What is required » The answer is the data below, repeated exactly, with no pictures included.

Source data »
++++++++++++++++++++

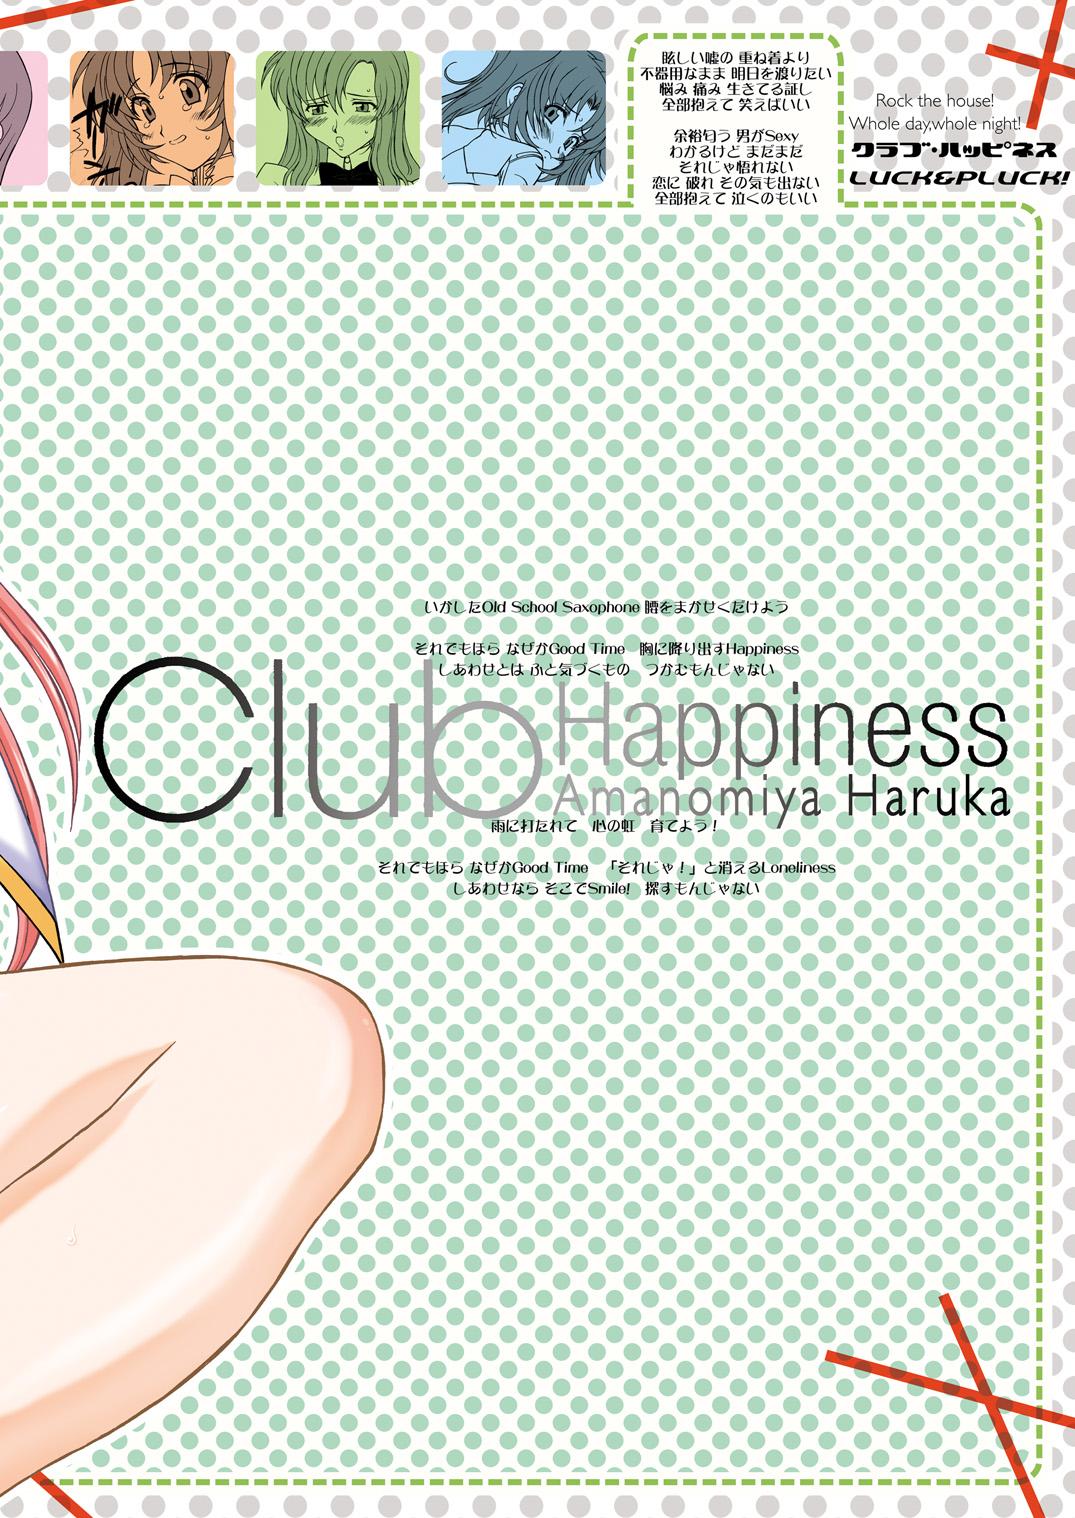 Club Happiness 31
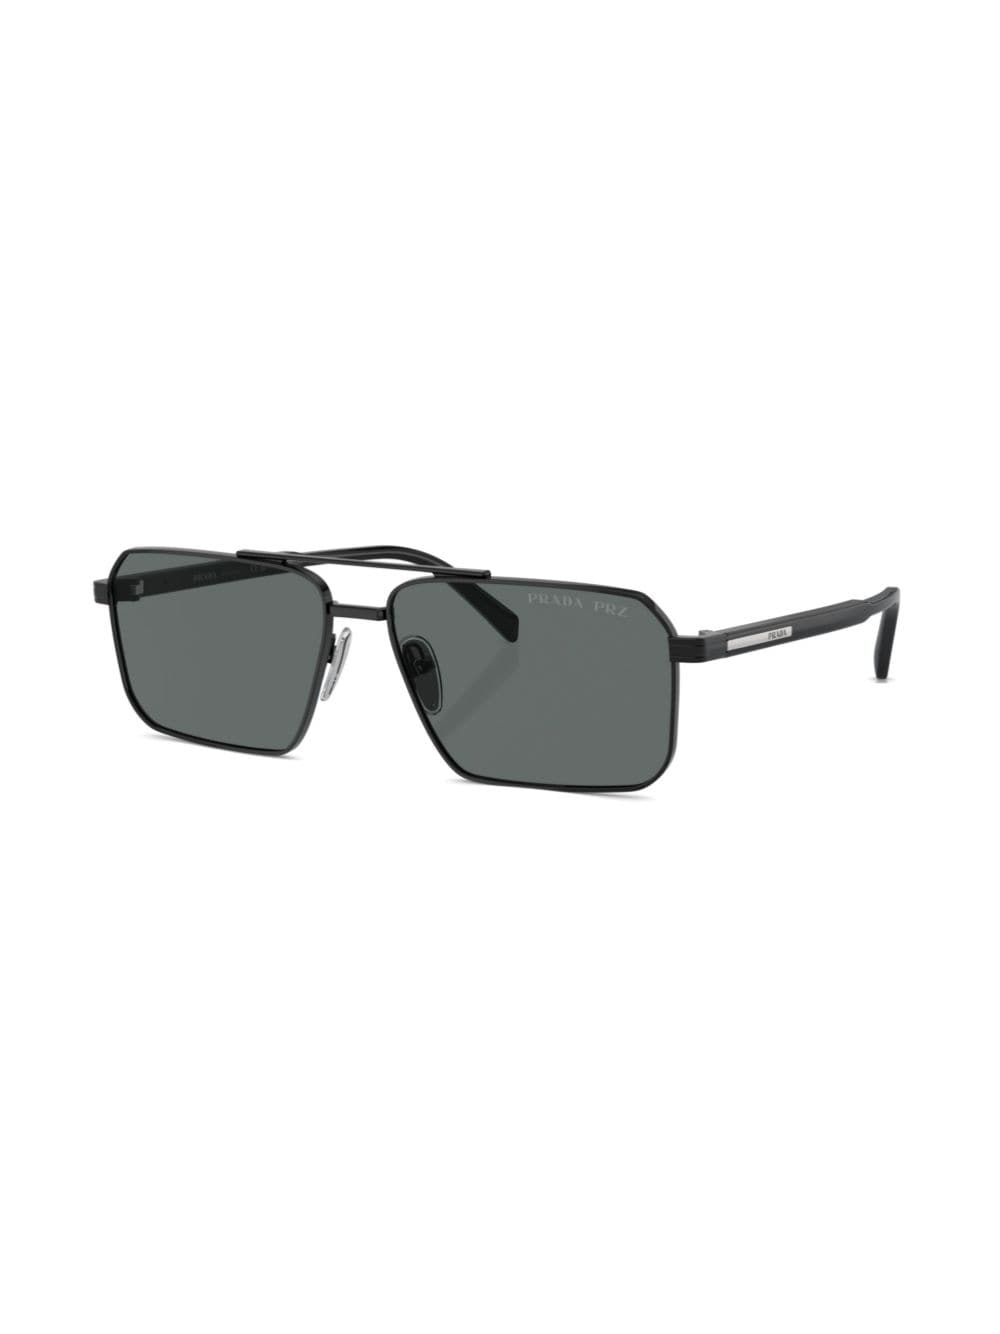 Prada Eyewear Prada PR A57S zonnebril met piloten montuur - Zwart
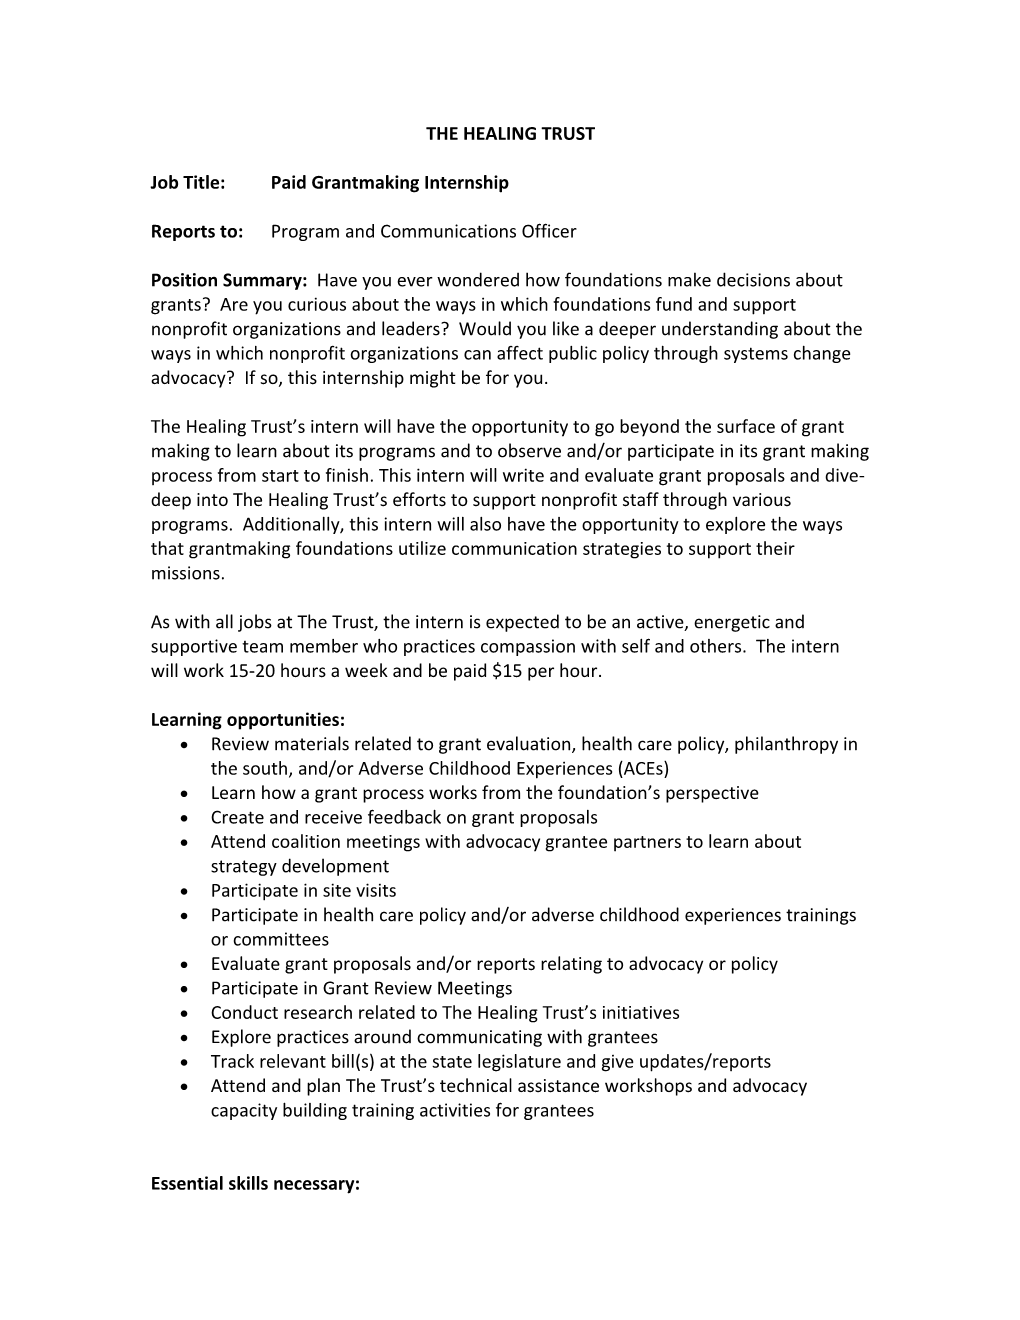 Job Title:Paid Grantmaking Internship

++++++++++++++++++++

Answer to the problem »
 Club Happiness 31
 Prada Eyewear Prada PR A57S zonnebril met piloten montuur - Zwart
 Job Title:Paid Grantmaking Internship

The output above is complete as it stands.